Obedience is much more restrained physically of course, but then the bond between you and your dog working so closely is really special here too. Dianne finished one of her Brittany's in CD and maybe CDX as well. She really enjoyed the bond between her and her dog. It won't work off a lot of energy though as they need to be by your side nearly all of the time with a few exceptions.

Taffy is a year and half and is in training over low jumps and obstacles. She takes much bigger jumps running around at home just for fun! It takes a good year to get most dogs ready to start competing according to our instructor. So, she will not compete over regulation height obstacles until she is over two years of age. I think there will be some controversy over the age question. I have seen it before. But, I would definitely not start a dog before a year and a half for the reason you mentioned._


----------



## whitepoodles

Spoospirit:
Thanks so much for your input.. This will give me a good idea of what type of performance to start Cole in and also the age I can comfortably start other dogs in Agility. I think that given Cole level of energy and enthusiasm he will be best doing agility. Thanks again for your advice and info.


----------



## jak

Just thought I could input a bit here too 

You can really start training Agility as a young puppy at 4 months of age if you want to.
They only things I wouldn't train would be:

Weaves -because of the twisting

Jumps -not at full height, but you can at a low height, and at around a year old, nothing higher than their elbows.

But everything else like Focus Work, Tunnels, Contact Training etc. can be trained at a young age. You can also do lots of drive work, and distance control too, plus a good sit/wait can be handy lol!

As Spoospirit said above, most of Agility is actually about training the trainer! Sure you need to get your dog used to the equipment, but you need to train yourself in regard to handling the dog lol.

I would recommend you do agility with Cole too, as he sounds like an active dog, but I have found Obedience to be just as tiring for Saffy too, as it's not so much the physical aspect that tires them out, it is more so the mental aspect, of actually thinking about what they are doing that does. But again, IMO Agility is much more fun! but I still do Obedience too, it's just a different type of fun lol.


----------



## spoospirit

jak said:


> Just thought I could input a bit here too
> 
> You can really start training Agility as a young puppy at 4 months of age if you want to.
> They only things I wouldn't train would be:
> 
> Weaves -because of the twisting
> 
> Jumps -not at full height, but you can at a low height, and at around a year old, nothing higher than their elbows.
> 
> But everything else like Focus Work, Tunnels, Contact Training etc. can be trained at a young age. You can also do lots of drive work, and distance control too, plus a good sit/wait can be handy lol!
> 
> As Spoospirit said above, most of Agility is actually about training the trainer! Sure you need to get your dog used to the equipment, but you need to train yourself in regard to handling the dog lol.
> 
> I would recommend you do agility with Cole too, as he sounds like an active dog, but I have found Obedience to be just as tiring for Saffy too, as it's not so much the physical aspect that tires them out, it is more so the mental aspect, of actually thinking about what they are doing that does. But again, IMO Agility is much more fun! but I still do Obedience too, it's just a different type of fun lol.

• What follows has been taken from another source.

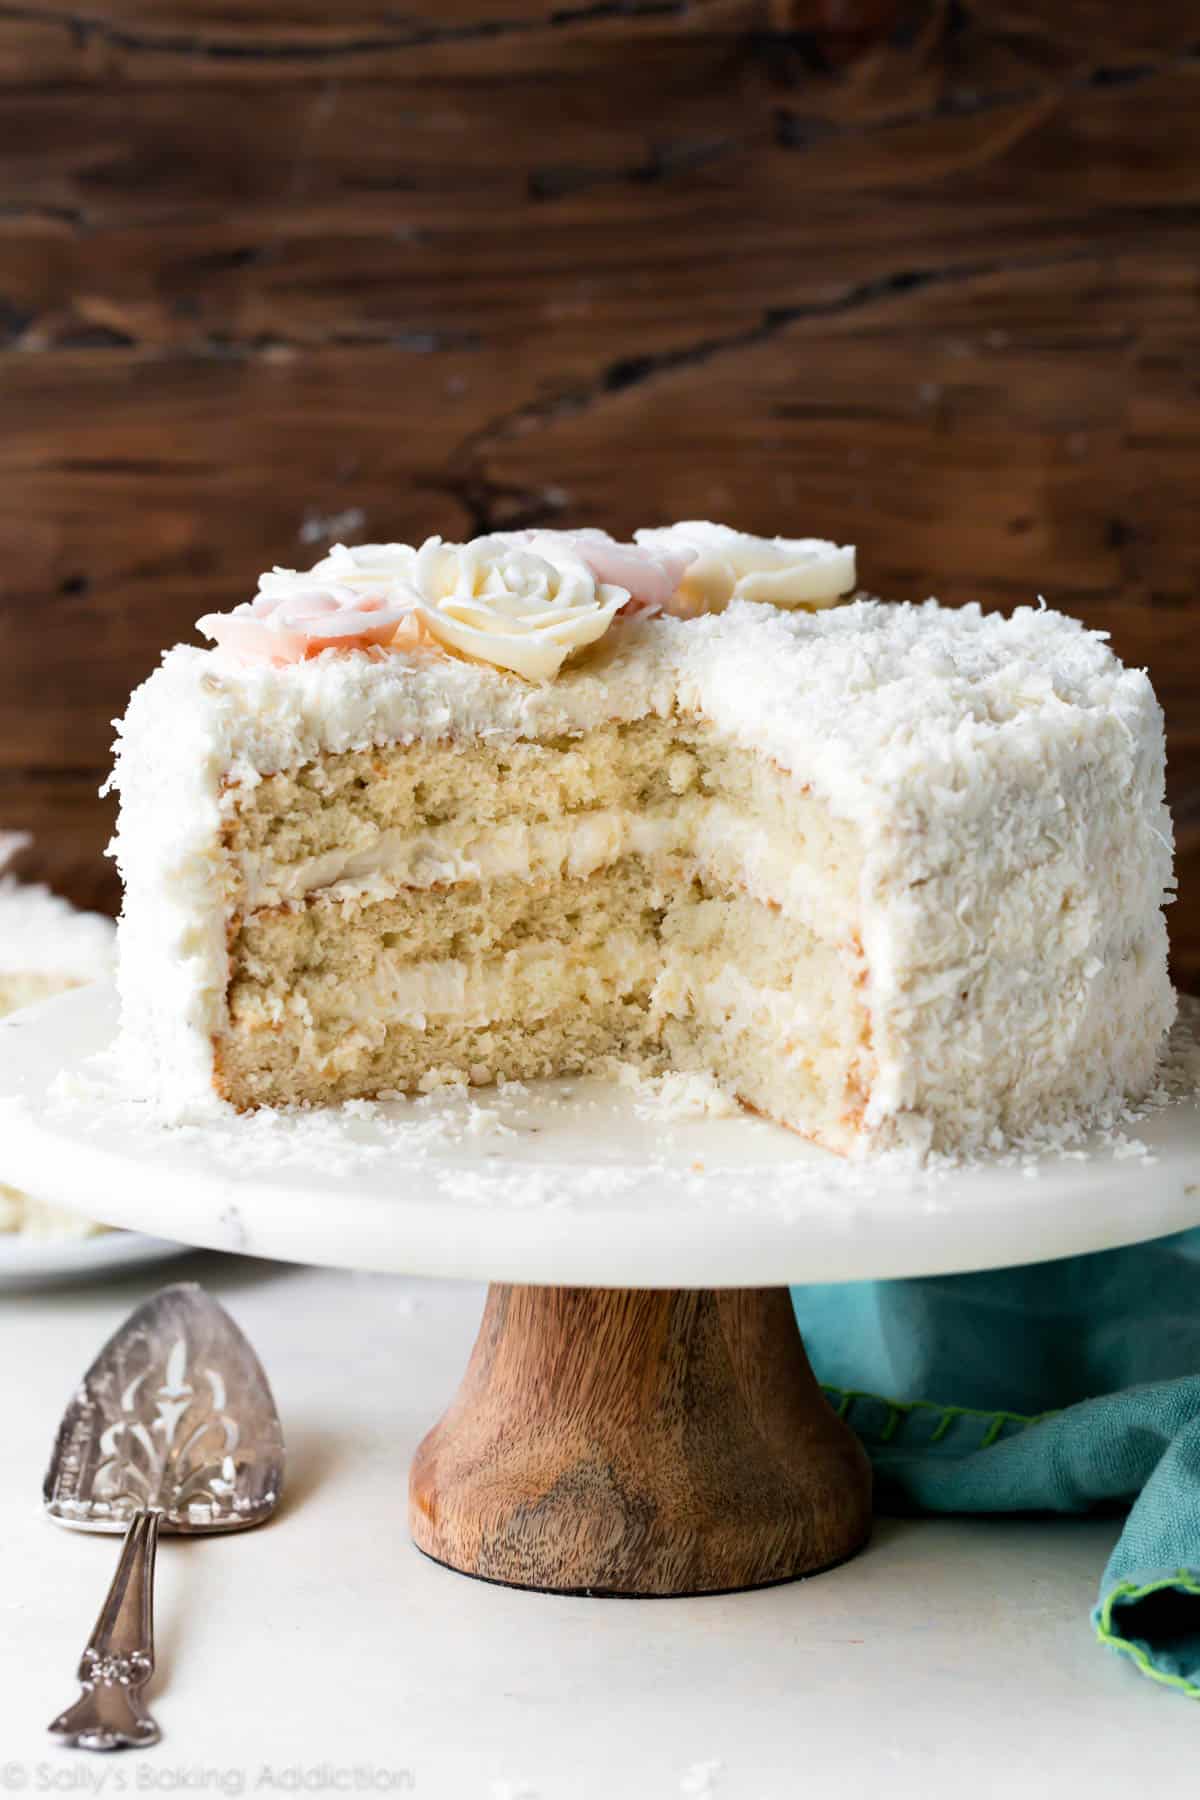 Sally’s Baking Addiction’s Coconut Cake with slices cut out

_This is GREAT, Jak. Thanks for the input. As I said, I am pretty new at this myself._


----------



## whitepoodles

Jak:
Very good points as well and great info thanks for sharing you guys... will be very helpful and I do agree given Cole's enthusiasm and energy level I will do agility, but I have heard that agility is more involved than just obedience and that a dog has to have basic obedience if they are to excell in agility as they have to be focused on the owner/trainer.
So maybe it is better I complete the CD maybe CDX with Cole and then proceed to agility, any thoughts ?


----------



## spoospirit

whitepoodles said:


> Jak:
> Very good points as well and great info thanks for sharing you guys... will be very helpful and I do agree given Cole's enthusiasm and energy level I will do agility, but I have heard that agility is more involved than just obedience and that a dog has to have basic obedience if they are to excell in agility as they have to be focused on the owner/trainer.
> So maybe it is better I complete the CD maybe CDX with Cole and then proceed to agility, any thoughts ?

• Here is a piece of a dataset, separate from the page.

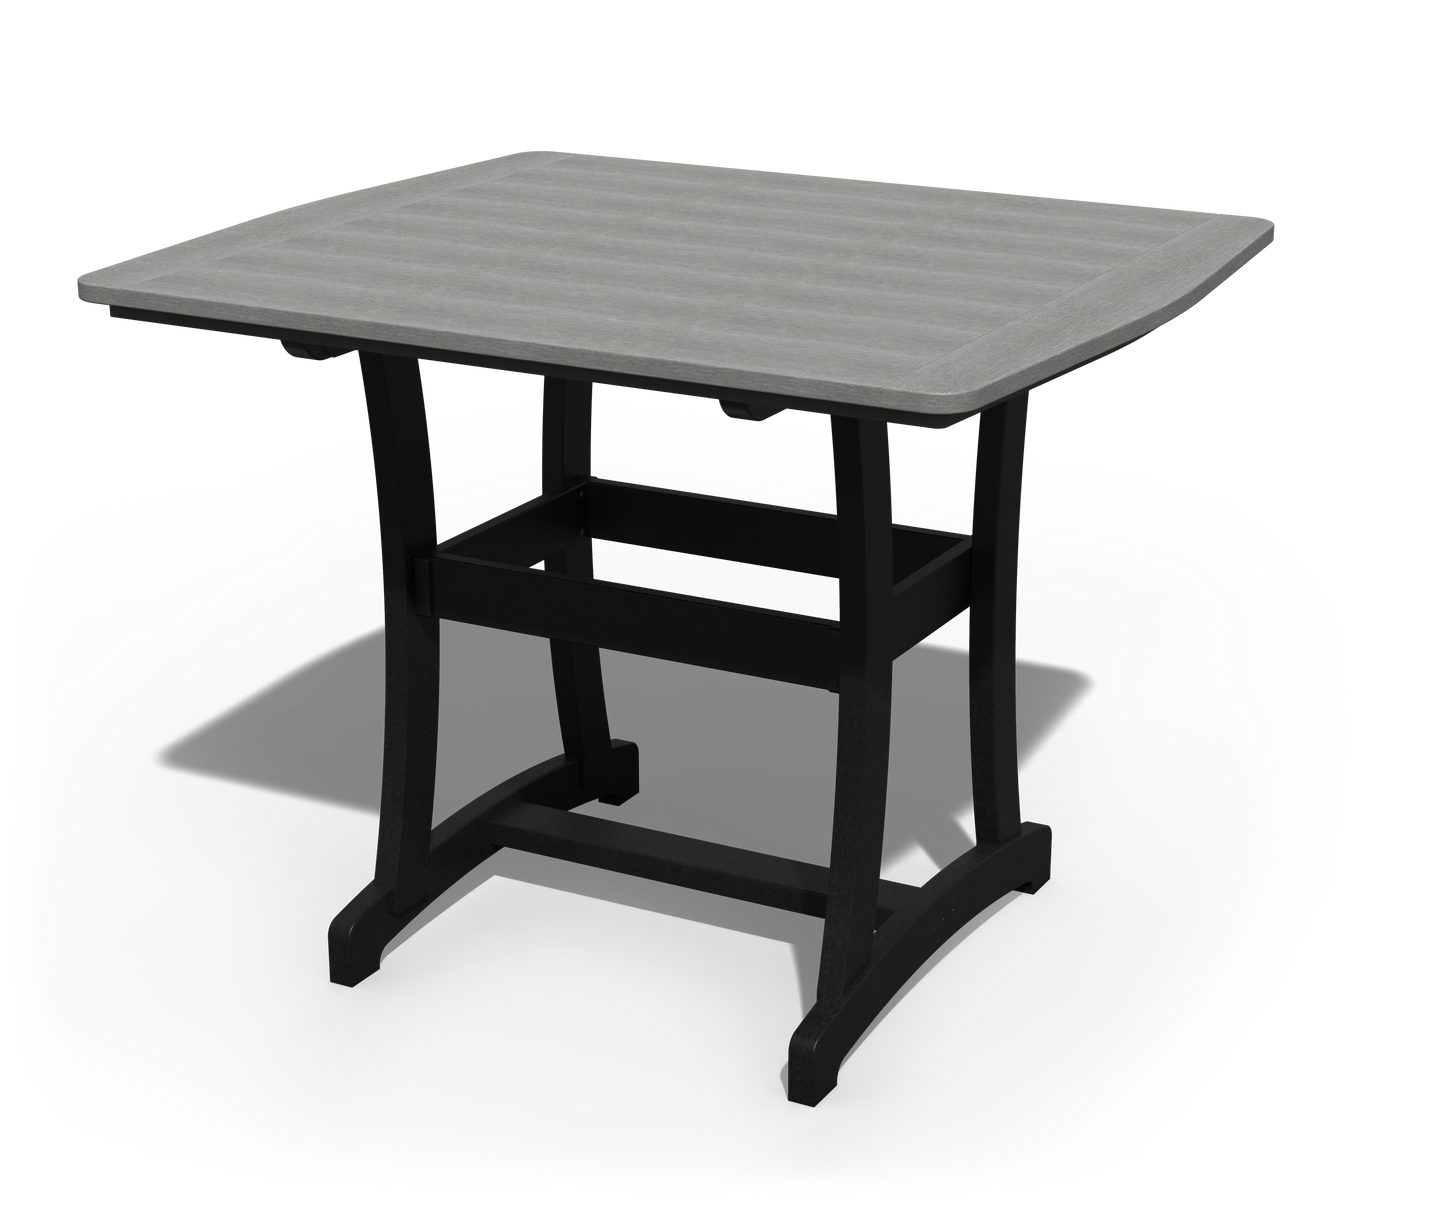 Patiova Recycled Plastic 4'x4' Legacy Bar Table - LEAD TIME TO SHIP 4 WEEKS

_Agreed. It is easier for you and your dog if it has at least basic obedience training before agility. I did this with Taffy.
_


----------



## whitepoodles

spoospirit said:


> _Agreed. It is easier for you and your dog if it has at least basic obedience training before agility. I did this with Taffy.
> _


Spoospirit:
This is exactely what I was told. I am glad to be on this forum. I may know alot about breeding but I am also learning quite a bit about performance here and I admit I am not savvy in this department. So thank you guys for teaching me the ropes.


----------



## Olie

The couple that we have here require the obedience class before moving onto agility.


----------



## jak

whitepoodles said:


> Jak:
> Very good points as well and great info thanks for sharing you guys... will be very helpful and I do agree given Cole's enthusiasm and energy level I will do agility, but I have heard that agility is more involved than just obedience and that a dog has to have basic obedience if they are to excell in agility as they have to be focused on the owner/trainer.
> So maybe it is better I complete the CD maybe CDX with Cole and then proceed to agility, any thoughts ?


Yes, some obedience training is necessary, but to the extent of a CDX, not so much!
You can still do CDX, but you don't need that level of obedience for agility.
As long as you have reasonable focus, a reliable sit/stay, a great recall, and little temptation to play with all of the other dogs while working, you should be fine!

You can always do both like I did!


----------



## whitepoodles

[ and little temptation to play with all of the other dogs while working, you should be fine!

You can always do both like I did![/QUOTE]



Jak:
LOLOL  You crack me up... I am very intense and nervous when I have to be on my dog, that is the main reason why I never ventured into the conformation ring.. but will do in performance as there is much less of the politics going around...I heard it is more relaxed and MUCH MORE fun.


----------



## flyingduster

performance dog sports are AWESOME! And yes, training can begin while still a pup for any of the performance sports, including agility. Just look at Vinnie and Flyer on here; they have both been trained in agility since pups, Flyer has just had his second (?) weekend out actually competing and Vinnie is still in training; they are both young and have been trained since young! Most of agility training isn't about the physical act of bounding around, but more about teaching the cues, body language, handling and drive. Dogs know how to jump and go through things already, we just need to learn how to tell them what and when, and to prove it's awesome fun! LOL!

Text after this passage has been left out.